Publish_voxel_map: Whether to publish the underlying voxel raster map, which is mainly used for visualization.

publish_voxel_map: false

The “observation_sources” parameter defines a series of sensors that pass spatial information to the cost map. Each sensor is defined on the next line.

 

Looking at the sources, we have laser data (SCAN) and bump data (bump). The observation source list is separated by Spaces that define each of the <source_name> namespaces in the following arguments.

observation_sources:  scan

scan:

data_type: LaserScan

topic: “/scan”

The “marking” and “clearing” parameters determine whether the sensor is used to add obstacle information to the cost map,

Clear the obstacle message from the cost map, or both.

marking: true

clearing: true

expected_update_rate: 0

Note: About Marking and Clearing:

Marking and clearing parameters are used to indicate whether real-time sensor information is needed to add or remove obstacle information from the cost map.)

Cost maps automatically subscribe to sensor topics and automatically update.

Each sensor is used for tag operations (inserting obstacle information into the cost map), clear operations (removing obstacle information from the cost map), or both.

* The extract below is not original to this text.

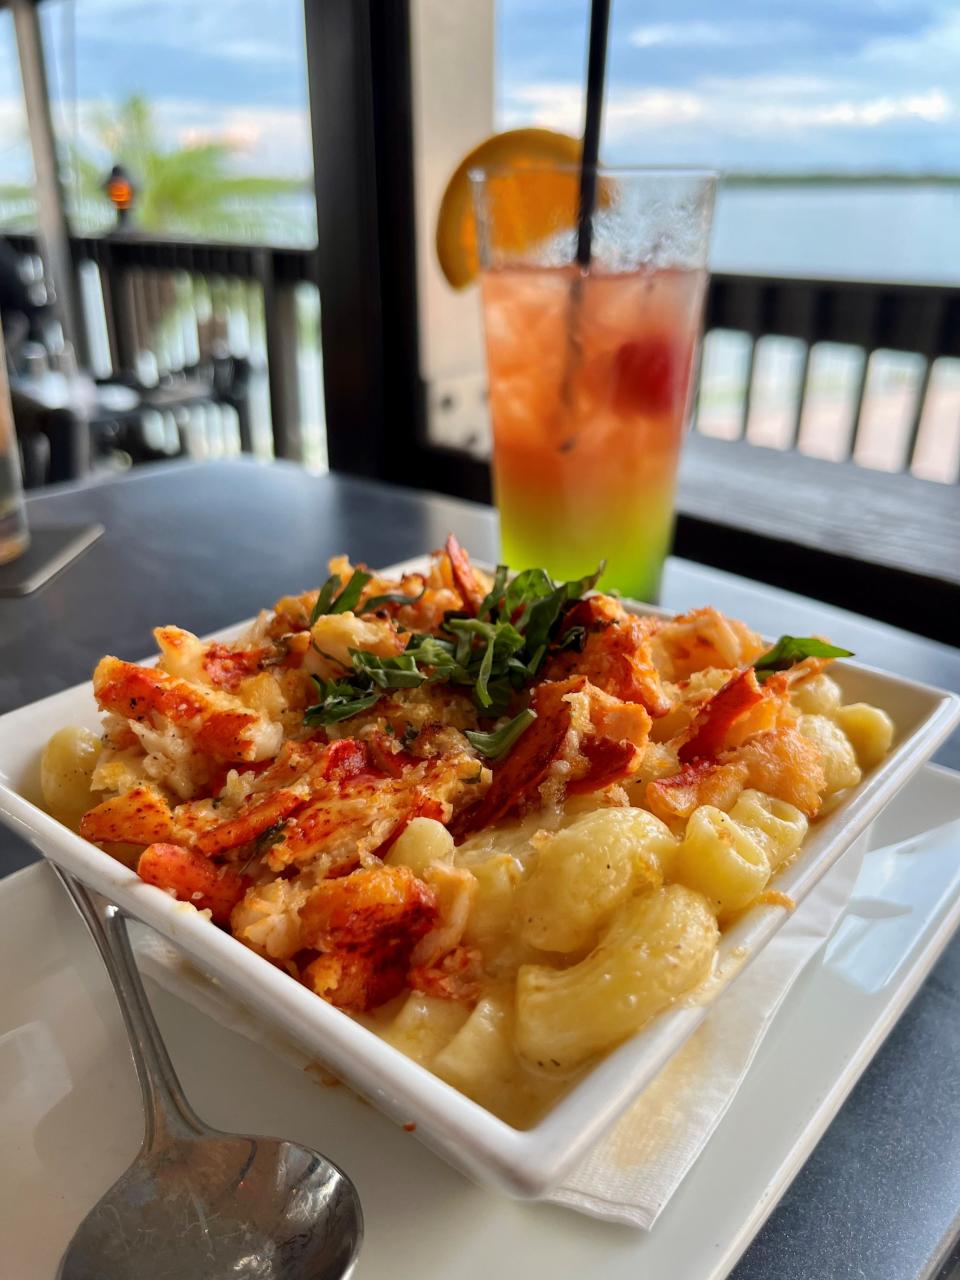 Gourmet lobster mac is served overlooking Estero Bay at Flipper's On The Bay on Fort Myers Beach.

If the voxel layer is used, the obstacle information on each column needs to be projected into two dimensions before it can be placed in the cost map.

 

#cost_scaling_factor and inflation_radius were now moved to the inflation_layer ns

# Expansion layer parameters

inflation_layer:

Enabled: true # Enable expansion map

# cost_SCALing_factor The scale factor applied to the surrogate value during inflation. Default value: 10. For cells outside the inner radius and cells within the inner radius, the calculation formula of the cost function is as follows:

Exp (-1.0 * cost_scaling_factor * (distance_from_obstacle – inscribed_radius)) * (costmap_2d::INSCRIBED_INFLATED_OBSTACLE 1)

Cost_scaling_factor: 10.0 # Exponential rate at which the obstacle cost drops off (default: 10)

Here we set the footprint of the robot. When filling in the footprint specified by “Footprint” according to the robot coordinate setting, the center of the robot is considered to be at (0.0,0.0), which is supported by both clockwise and counterclockwise specifications.

Robot_radius: Yes The occupied area of the robot is round. You can set the radius directly

Inflation_radius: Sets the inflating radius of the cost map. It can be understood that with the robot as the center, no obstacle can appear within this value of expansion radius.

The radius of the obstacle on the map is in meters. If your robot can’t fit through a narrow door or other narrow place very well,

I’m going to decrease this a little bit. Conversely, if the robot keeps bumping into things, try to increase this value.

Inflation_radius: 0.1 # Max. Distance from an obstacle at which costs are incurred for planning paths.

 

static_layer:

enabled:              true

map_topic:            “/map”

 

 

# appendix:

Bump: Look at source 2: bump data. It defines: observing the data type of the source, publishing topics, marking and adding obstacles functions, and defining the effective range of sensor source values

Data_type: PointCloud2 Indicates that the data type is point cloud

Topic: Mobile_base /sensors/bumper_pointcloud topic is mobile_base/sensors/bumper_pointcloud

Marking: true Enables the function of marking obstacles

Clearing: false Disables clearing of obstacles

Min_obstacle_height: 0.0 Lowest effective sensor reading in meters.

Max_obstacle_height: 0.15 Maximum effective height of a sensor reading in meters.